[Material provided]

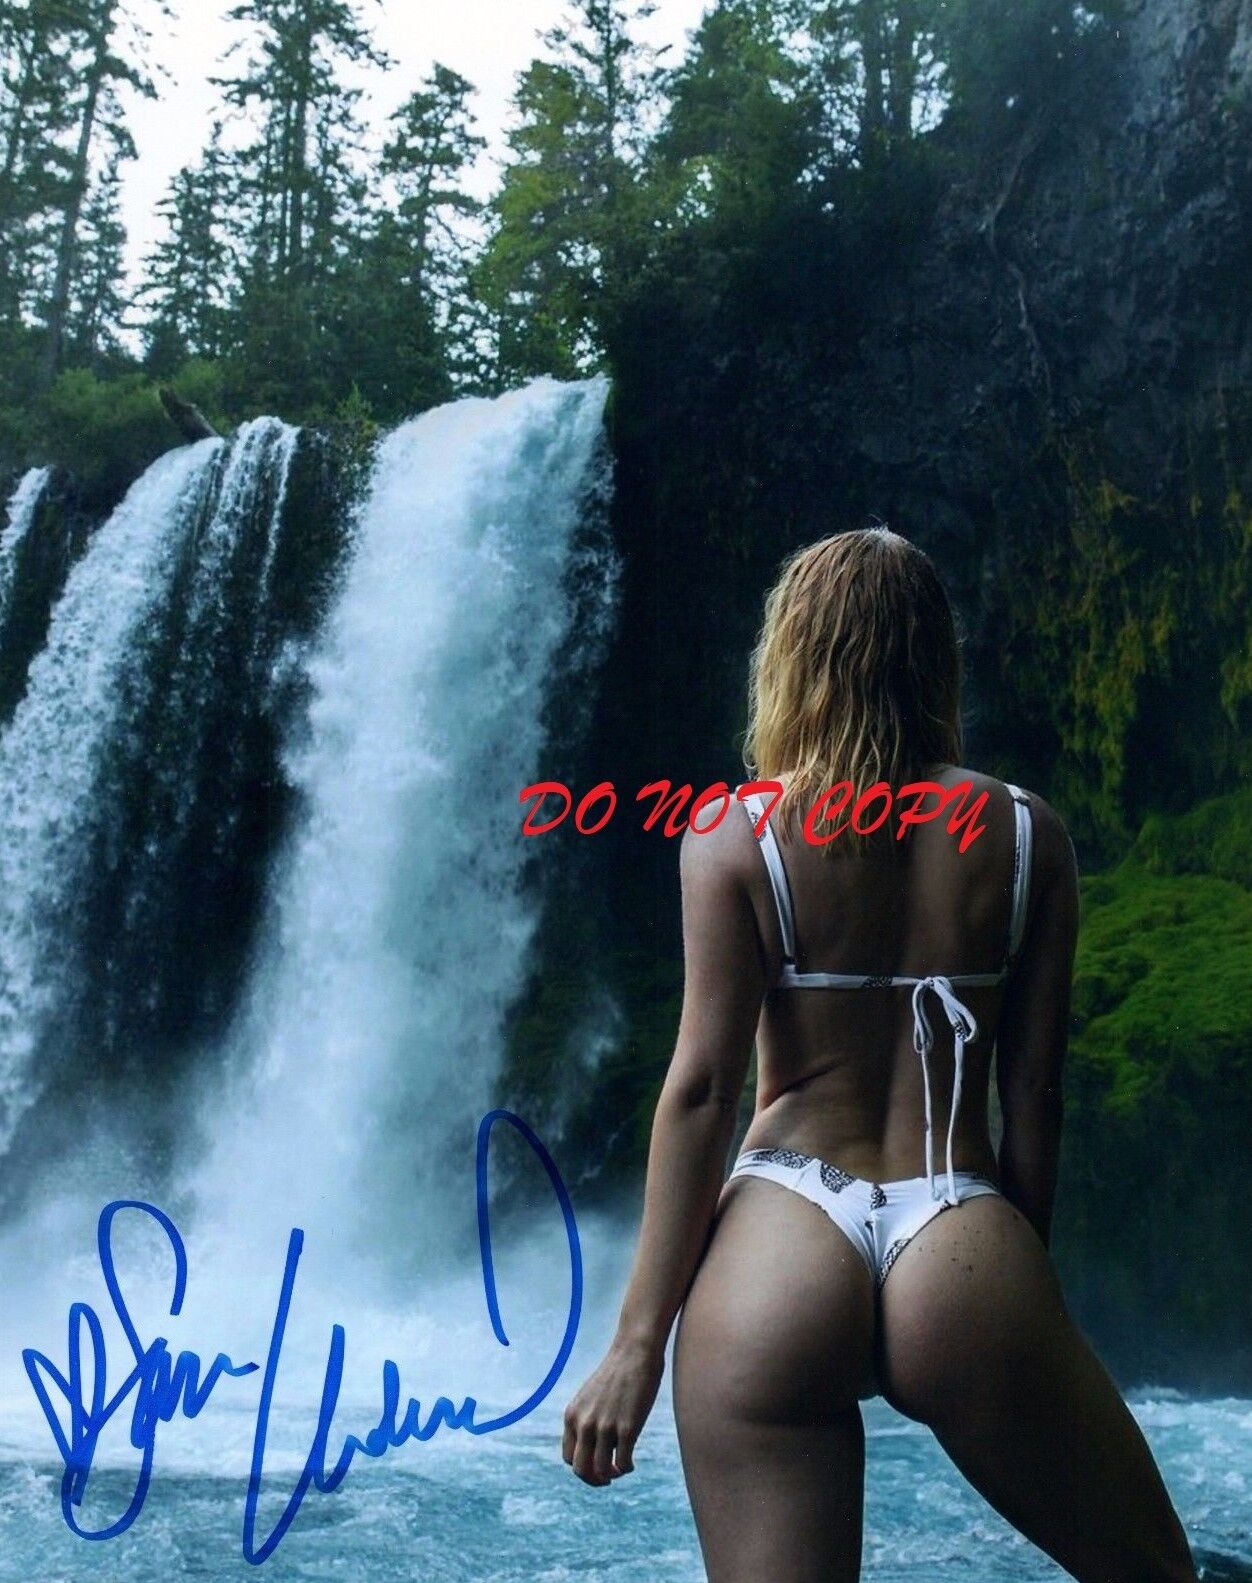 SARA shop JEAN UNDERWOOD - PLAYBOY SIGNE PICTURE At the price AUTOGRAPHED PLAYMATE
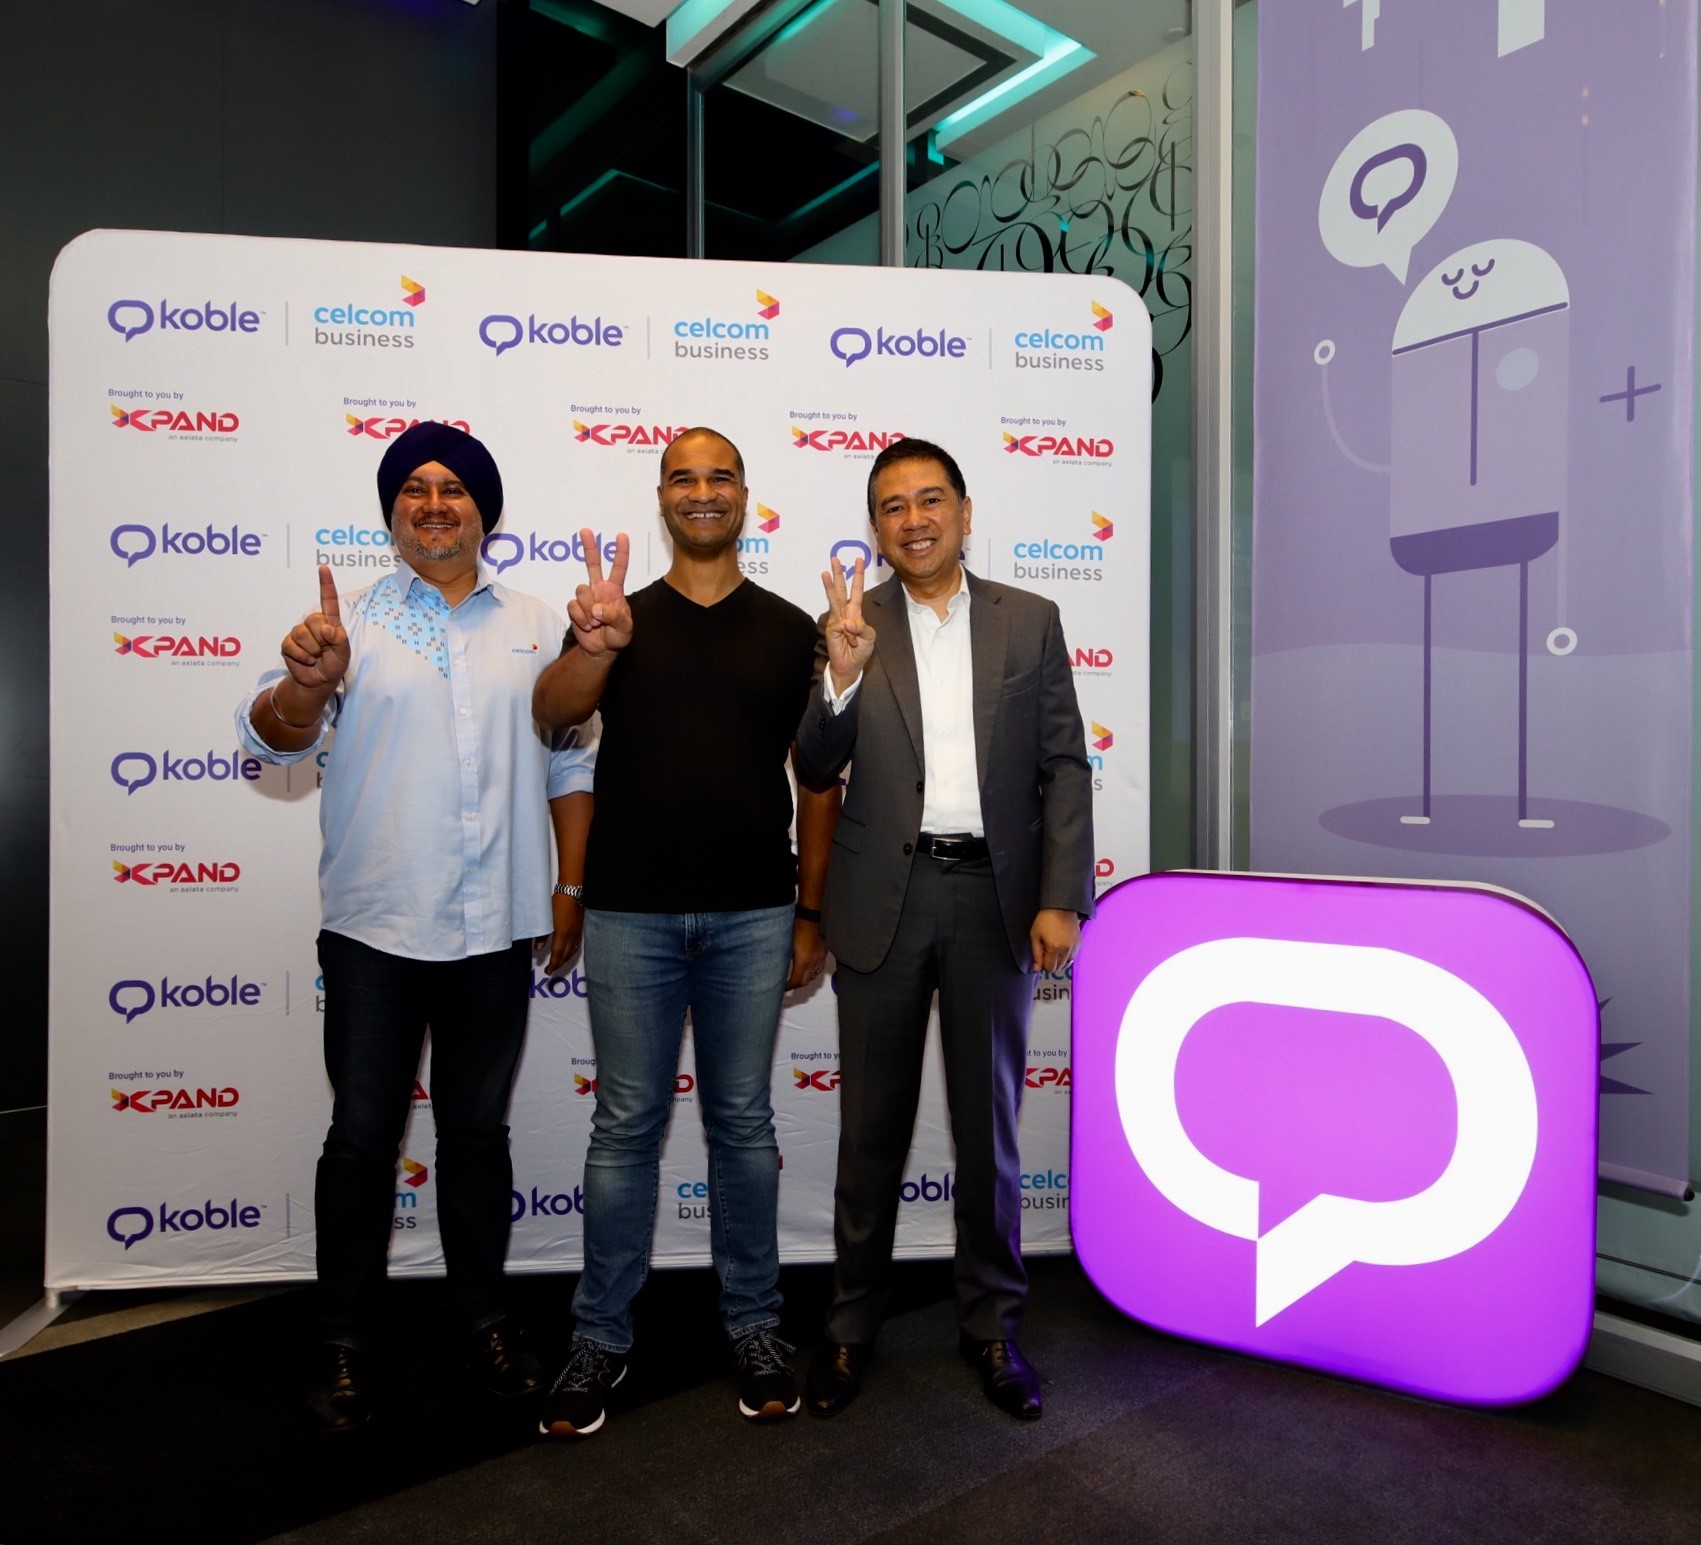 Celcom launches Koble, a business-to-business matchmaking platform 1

[/Material provided]
[Material provided]

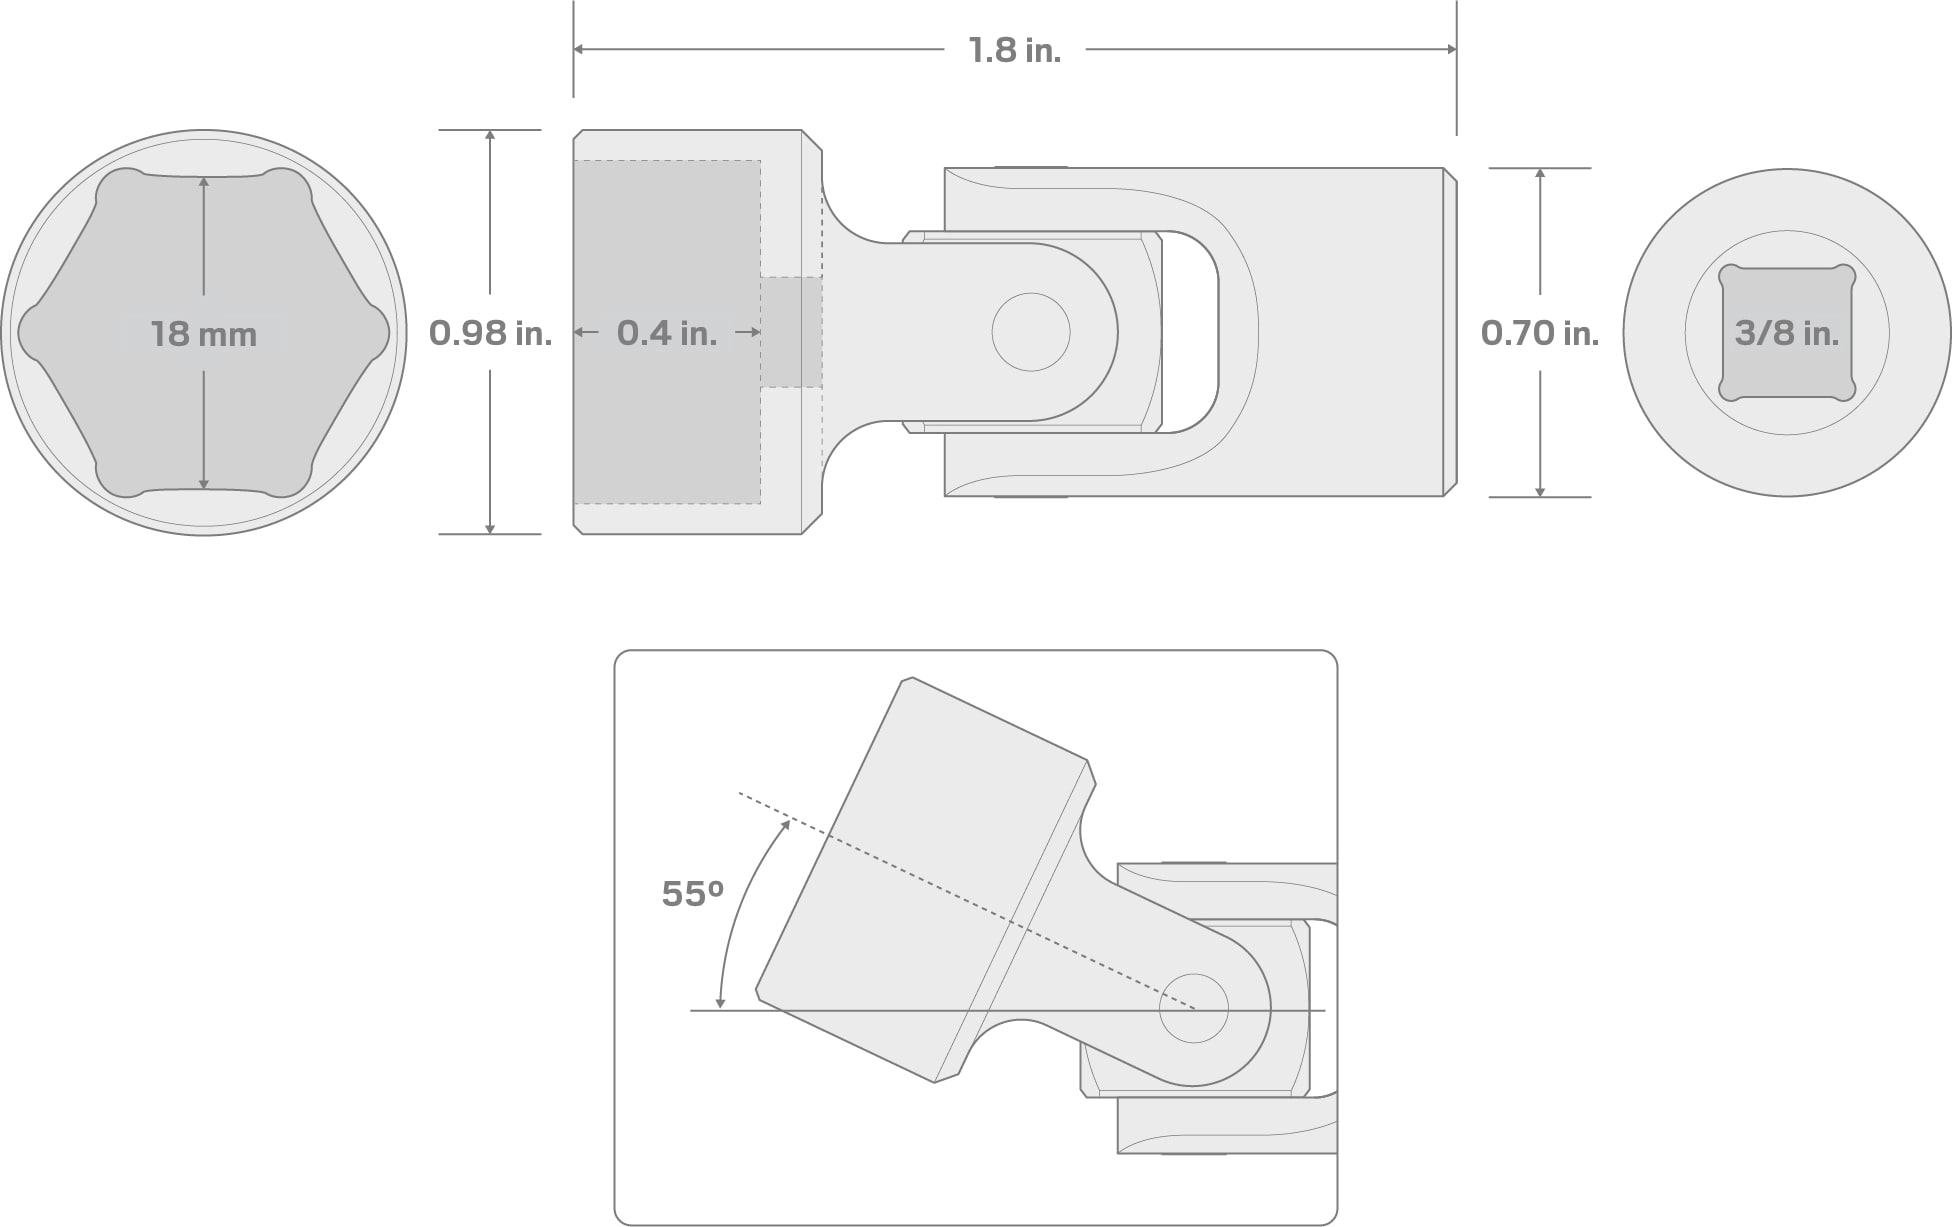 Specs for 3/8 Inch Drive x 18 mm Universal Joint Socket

[/Material provided]
[Material provided]

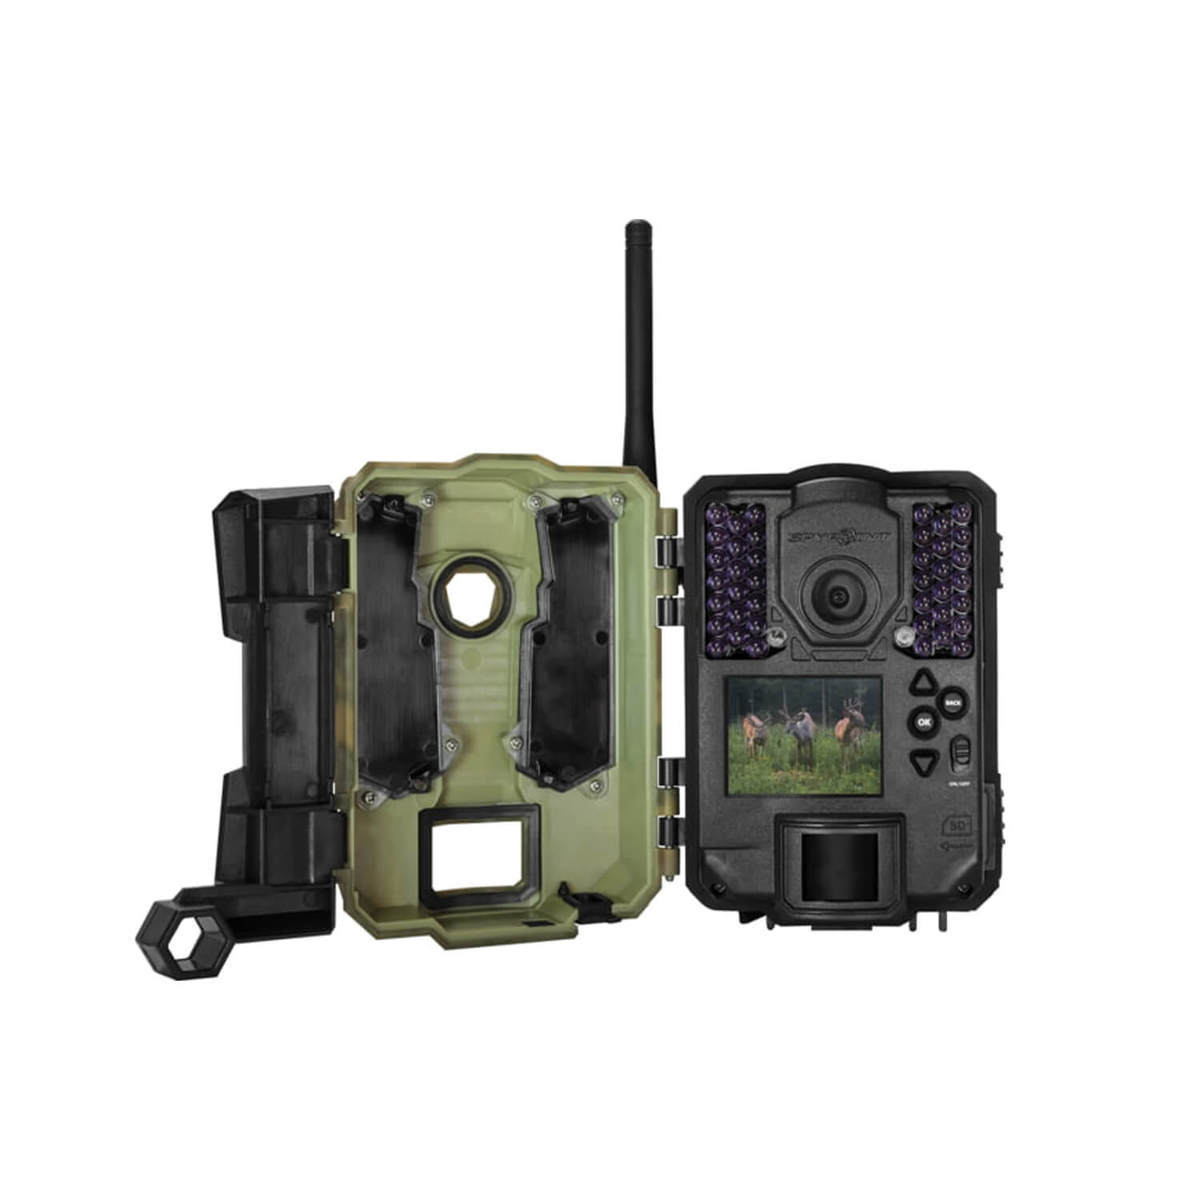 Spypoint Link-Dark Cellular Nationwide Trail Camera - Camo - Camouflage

[/Material provided]

# [Work to complete]
Although the records hold pictures, the copy must not; give again exactly the lines from the one with "SARA shop JEAN" through the one with "Celcom launches Koble, a".

# [Exercise solution]
 SARA shop JEAN UNDERWOOD - PLAYBOY SIGNE PICTURE At the price AUTOGRAPHED PLAYMATE
 Celcom launches Koble, a business-to-business matchmaking platform 1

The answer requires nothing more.